AMD’s shares surge 107.1% as demand for AI chips drives projected Q4 revenue to $9.6B, positioning it as a formidable competitor to NVIDIA.

Advanced Micro Devices, Inc. (AMD) has seen its shares soar 107.1% over the past year, outperforming rival NVIDIA Corporation (NVDA), which gained 63.8% during the same period. The surge in AMD’s stock is largely attributed to the increasing demand for chips driven by advancements in artificial intelligence (AI). With both companies vying for dominance in the chip market, analysts are left to ponder whether AMD can maintain its momentum and if now is the right time to invest.

Despite entering the AI sector later than NVIDIA, AMD has swiftly closed the gap by providing advanced and competitively priced products. The recent rise in demand for NVIDIA’s Blackwell chips has led several major clients, including OpenAI, to turn to AMD’s Instinct AI accelerators as an alternative to meet their needs. This shift underscores the growing perception of AMD’s offerings as a viable competitor, particularly among high-profile organizations like International Business Machines Corporation (IBM), which is leveraging AMD technology to further its quantum computing initiatives.

Other notable partnerships are also forming around AMD’s product line. For instance, Oracle Corporation and AMD recently collaborated to launch the first AI supercluster featuring 50,000 AMD graphics units on Oracle Cloud Infrastructure. Additionally, Cisco Systems, Inc. is teaming up with AMD to expand AI cluster deployments with G42 in the UAE, further validating AMD’s presence in critical AI applications.

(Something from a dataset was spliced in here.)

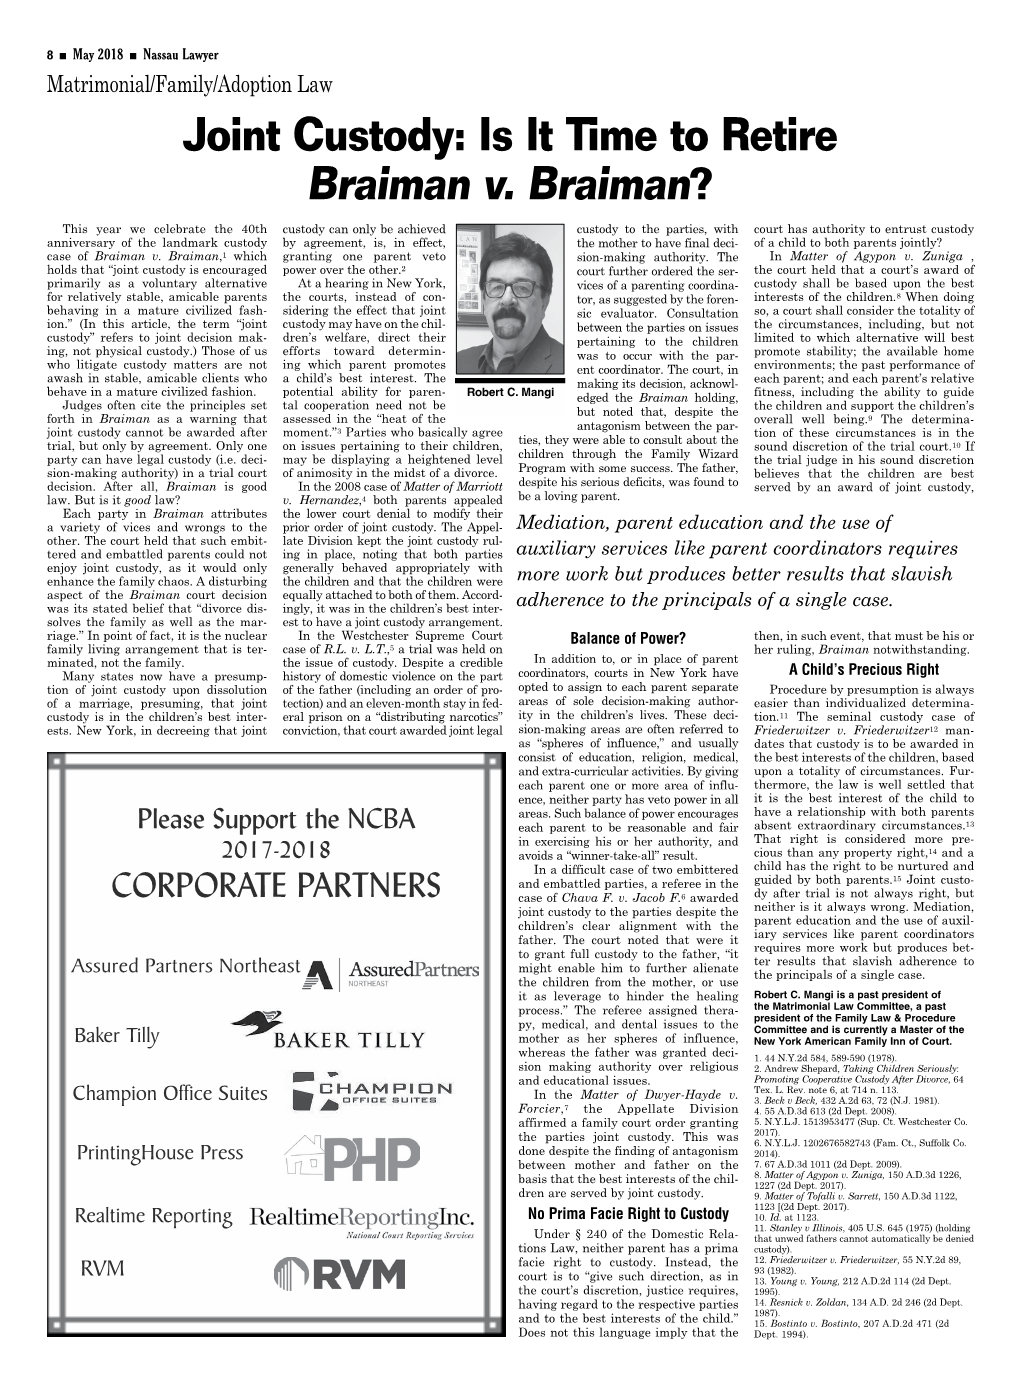 Joint Custody: Is It Time to Retire Braiman V. Braiman?

AMD’s ROCm software, although not yet as popular as NVIDIA’s CUDA platform, has experienced a significant uptick in downloads, indicating a growing acceptance of AMD chips in various sectors. The company’s smaller market size compared to NVIDIA offers it ample opportunity for growth in the rapidly expanding AI market. As AMD continues to secure new customers, its growth trajectory could potentially outpace NVIDIA’s by a considerable margin.

In contrast to NVIDIA, AMD’s business model is better insulated from the risks associated with a possible AI market bubble. A substantial portion of AMD’s revenue is generated from its gaming division rather than being overly reliant on data centers, which mitigates potential downside risks in an uncertain market.

Looking ahead, AMD’s aggressive push into the AI sector, combined with its competitive pricing strategy and diversified business model, positions the company to potentially outpace NVIDIA. Management remains optimistic about AMD’s financial outlook, projecting fourth-quarter 2025 revenues to be around $9.6 billion, with an expected growth rate of 25% year-over-year. This projection also includes a 4% sequential gain, according to information provided by AMD.

Brokers share this optimism, with an estimated average short-term price target for AMD stock set at $286.49. This represents a 13.6% increase from the last closing price of $252.18, with some forecasts suggesting a high target of $380, indicating a potential upside of 50.7%.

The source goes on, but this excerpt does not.